In brief, Mannhardt’s return to his old colours (1875-76) seems to have been made in a mood from which he again later passed away. But either modern school of mythology may cite him as an ally in one or other of his phases of opinion.
PHILOLOGY AND DEMETER ERINNYS
Mr. Max Muller on Demeter Erinnys.
Like Mannhardt, our author in his new treatise discusses the strange old Arcadian myth of the horse-Demeter Erinnys (ii. 537). He tells the unseemly tale, and asks why the Earth goddess became a mare? Then he gives the analogous myth from the Rig-Veda, {65} which, as it stands, is ‘quite unintelligible.’ But Yaska explains that Saranyu, daughter of Tvashtri, in the form of a mare, had twins by Vivasvat, in the shape of a stallion. Their offspring were the Asvins, who are more or less analogous in their helpful character to Castor and Pollux. Now, can it be by accident that Saranyu in the Veda is Erinnys in Greek? To this ‘equation,’ as we saw, Mannhardt demurred in 1877. Who was Saranyu? Yaska says ‘the Night;’ that was Yaska’s idea. Mr. Max Muller adds, ’I think he is right,’ and that Saranyu is ‘the grey dawn’ (ii. 541).
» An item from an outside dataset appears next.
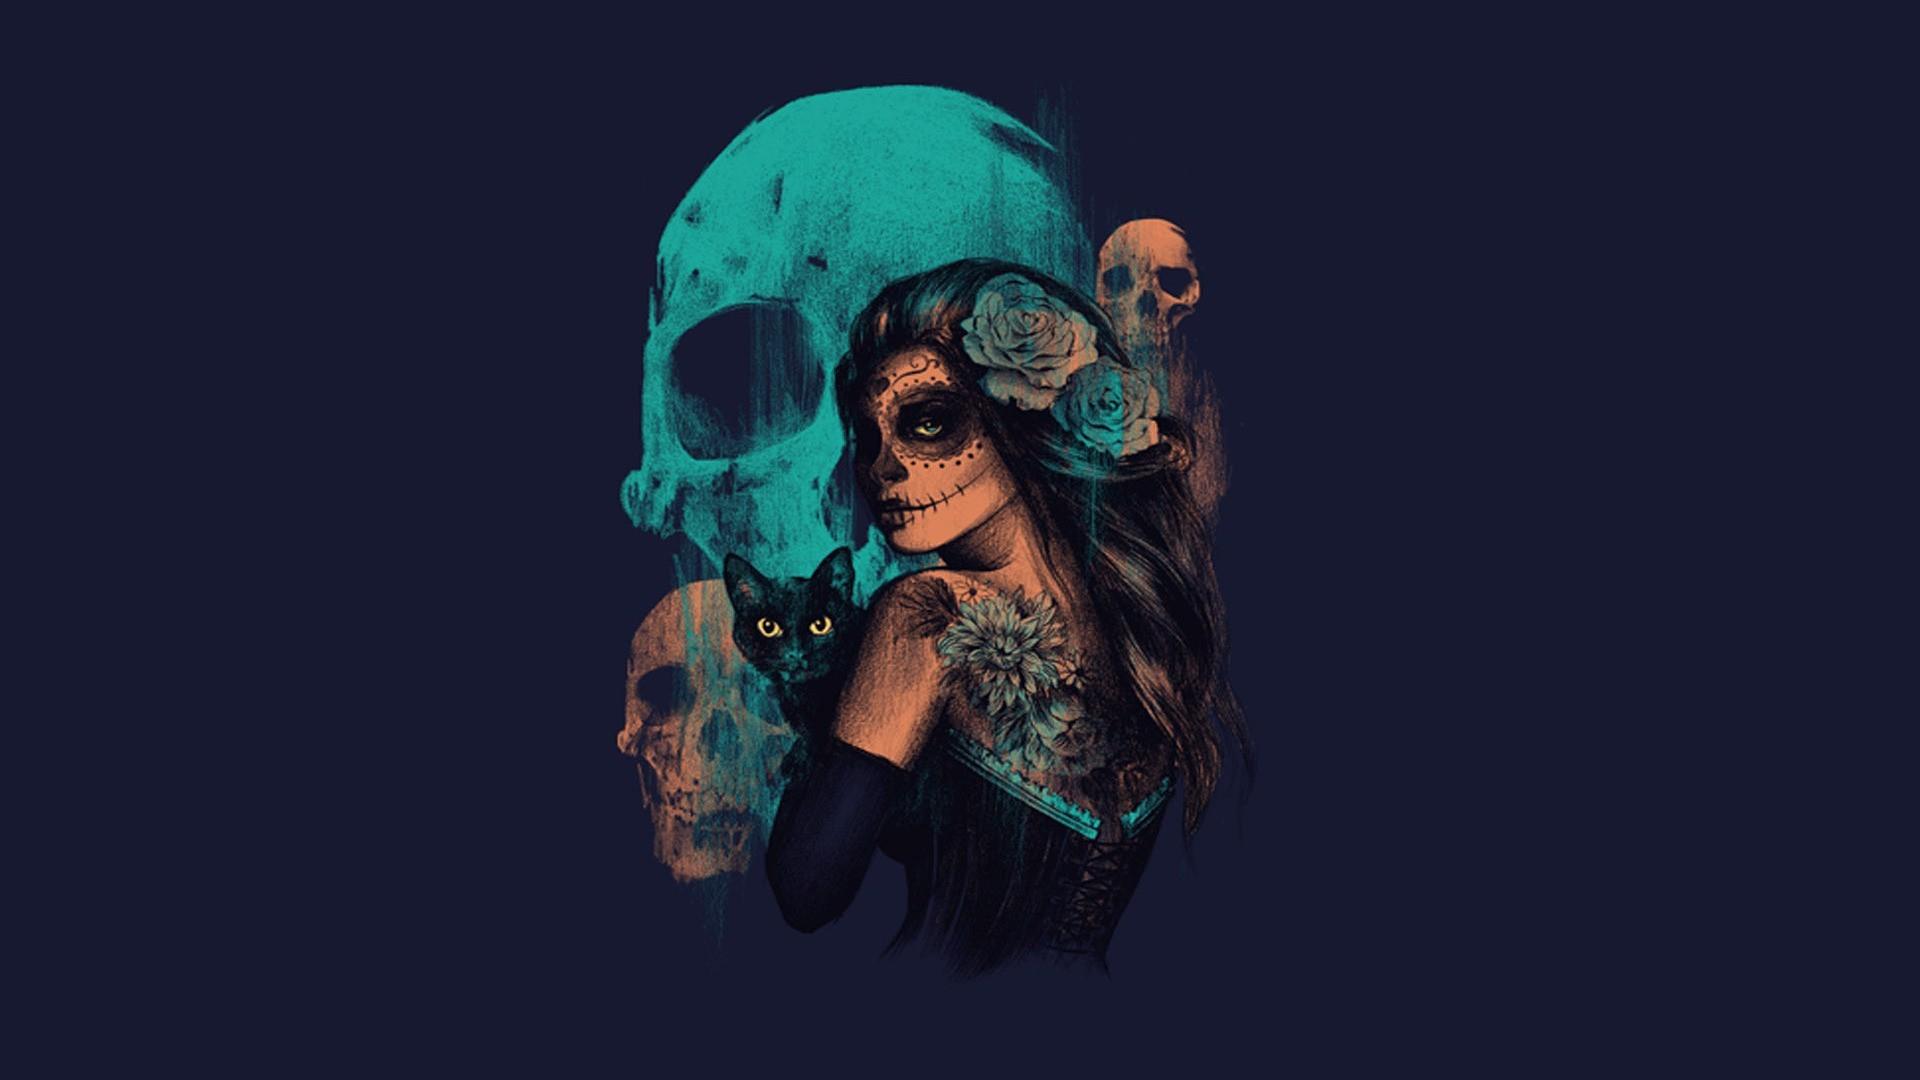 Wallpaper Women Fantasy Art Artwork Blue Skull Sugar Skull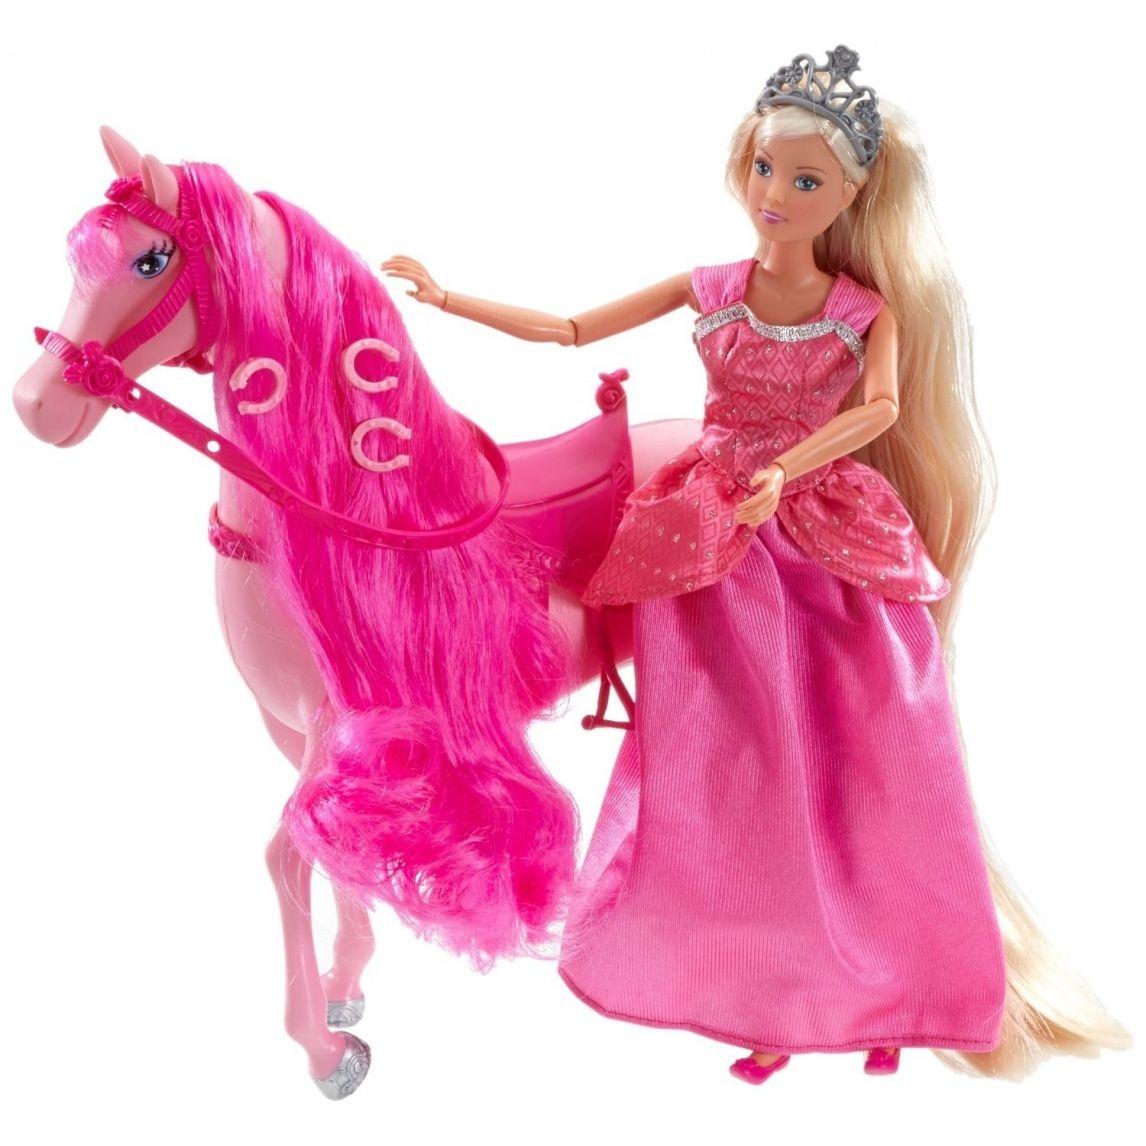 Księżniczka Steffi na koniu

‘But,’ the bewildered reader exclaims, ’Dawn is one thing and Night is quite another.’ So Yaska himself was intelligent enough to observe, ‘Night is the wife of Aditya; she vanishes at sunrise.’ However, Night in Mr. Max Muller’s system ‘has just got to be’ Dawn, a position proved thus: ’Yaska makes this clear by saying that the time of the Asvins, sons of Saranyu, is after midnight,’ but that ’when darkness prevails over light, that is Madhyama; when light prevails over darkness, that is Aditya,’ both being Asvins. They (the Asvins) are, in fact, darkness and light; and therefore, I understand, Saranyu, who is Night, and not an Asvin at all, is Dawn! To make this perfectly clear, remember that the husband of Saranyu, whom she leaves at sunrise, is—I give you three guesses—is the Sun! The Sun’s wife leaves the Sun at sunrise. {66} This is proved, for Aditya is Vivasvat=the Sun, and is the husband of Saranyu (ii. 541). These methods of proving Night to be Dawn, while the substitute for both in the bed of the Sun ’may have been meant for the gloaming’ (ii. 542), do seem to be geistvolle Spiele des Witzes, ingenious jeux d’esprit, as Mannhardt says, rather than logical arguments.
But we still do not know how the horse and mare came in, or why the statue of Demeter had a horse’s head. ’This seems simply to be due to the fact that, quite apart from this myth, the sun had, in India at least, often been conceived as a horse . . . . and the dawn had been likened to a mare.’ But how does this explain the problem? The Vedic poets cited (ii. 542) either referred to the myth which we have to explain, or they used a poetical expression, knowing perfectly well what they meant. As long as they knew what they meant, they could not make an unseemly fable out of a poetical phrase. Not till after the meaning was forgotten could the myth arise. But the myth existed already in the Veda! And the unseemliness is precisely what we have to account for; that is our enigma.